Act Of Valor was launched to the big screen on February 24th 2012. Act of Valor is a whole new action/adventure film that features active duty SEALs. This movie may have received mixed reviews from critics all over the world but it still gained an audience that wanted to experience a new action film. Here are a couple of movie reviews for Act Of Valor.
Trained SEALs In The Movie: Act Of Valor
“It could be that Murphy and Russell registered as fine actors because they had good scripts and better directors; Russell, who won both the Supporting Actor Oscar and an honorary Academy Award “for bringing hope and courage to his fellow veterans,” was directed in Best Years by three-time Oscar winner William Wyler. Rorke and Dave, the central performers in Act of Valor, had no such luck. The screenplay, credited to 300 co-scripter Kurt Johnstad (though he is barely mentioned in the press notes about the project), is heavy on military jargon downrange — “We got about 4.7 clicks at 3-5-5″ — and, back home, dewy bonding with Team members and fretful families. One SEAL has five kids, another is expecting his first child. One carries his grandfather’s American flag in his uniform pocket. On and on, clichés pretending to be insights.
McCoy and Waugh, known as the Bandito Brothers, can assemble complex battle scenes, including an early skirmish that demonstrates all three of the Team’s skills: parachuting to the ground, maneuvering silently under swamp water and creeping unseen toward an enemy compound. (SEAL is an acronym for Sea, Air and Land.) The Banditos stumble, though, when they try getting the real soldiers to speak with passion or coherence. Fighting is a learned skill; so is acting. And the SEAL stars are plausible only when on maneuvers — performing as their own stunt doubles. The SEALs, who Johnstad says appeared in the film only on vacation time, certainly look the rugged, handsome part; but we can’t tell if they could really act, since the characters they’re meant to play are only heroic cardboard cutouts.”
Act Of Valor: A Real Peak At Our Men Of Valor
“Act of Valor is a different kind of movie that should not be judged on typical movie standards, which may be why many critics are giving it a negative rating.
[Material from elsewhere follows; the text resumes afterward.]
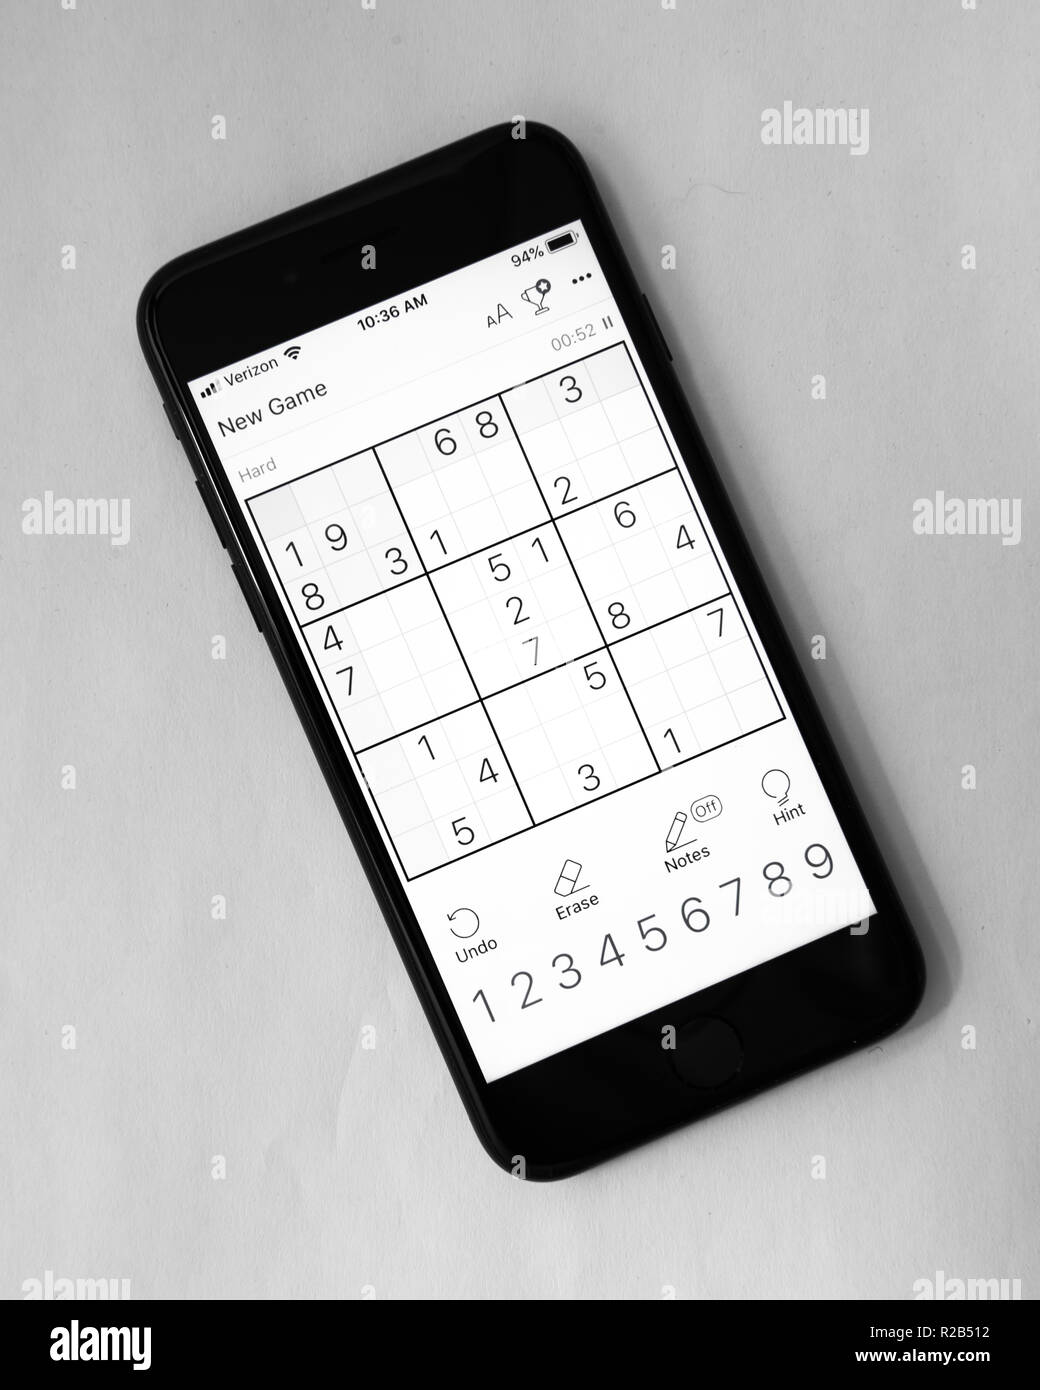 A black iPhone 7 with the screen showing a hard level Sudoku game. Stock Photo

Anyone who doesn’t do their homework by reading about the film probably won’t know why director Mike “Mouse” McCoy and producer Scott Waugh became involved with this project. Fortunately, at the beginning of the film, both men explain about their backgrounds, what they do, and why they made Act of Valor.
In 2007 McCoy and Waugh’s production company Bandito Brothers, made a short documentary about the U.S. Naval Special Warfare Combatant-Craft Crewmen. Somewhat of a recruiting video, they wanted to detail the SEALS’ impressive skills in performing sensitive and dangerous assignments. This led to their idea for a movie that would capture authentic action as well as contain a lot of value and convincing messaging.
Act of Valor focuses on a few covert missions that a highly trained force of Navy SEALS is deployed to handle. The plot could be any military -type action-driven film where bullets fly, people die, and blood is shed. The only difference here? Action of the SEALS gets depicted by real-life SEALS, most still on active duty. McCoy and Waugh went through rigorous months of jumping through hoops to obtain official permission to film the SEALS simulating actual combat and even using live fire during the shoot.”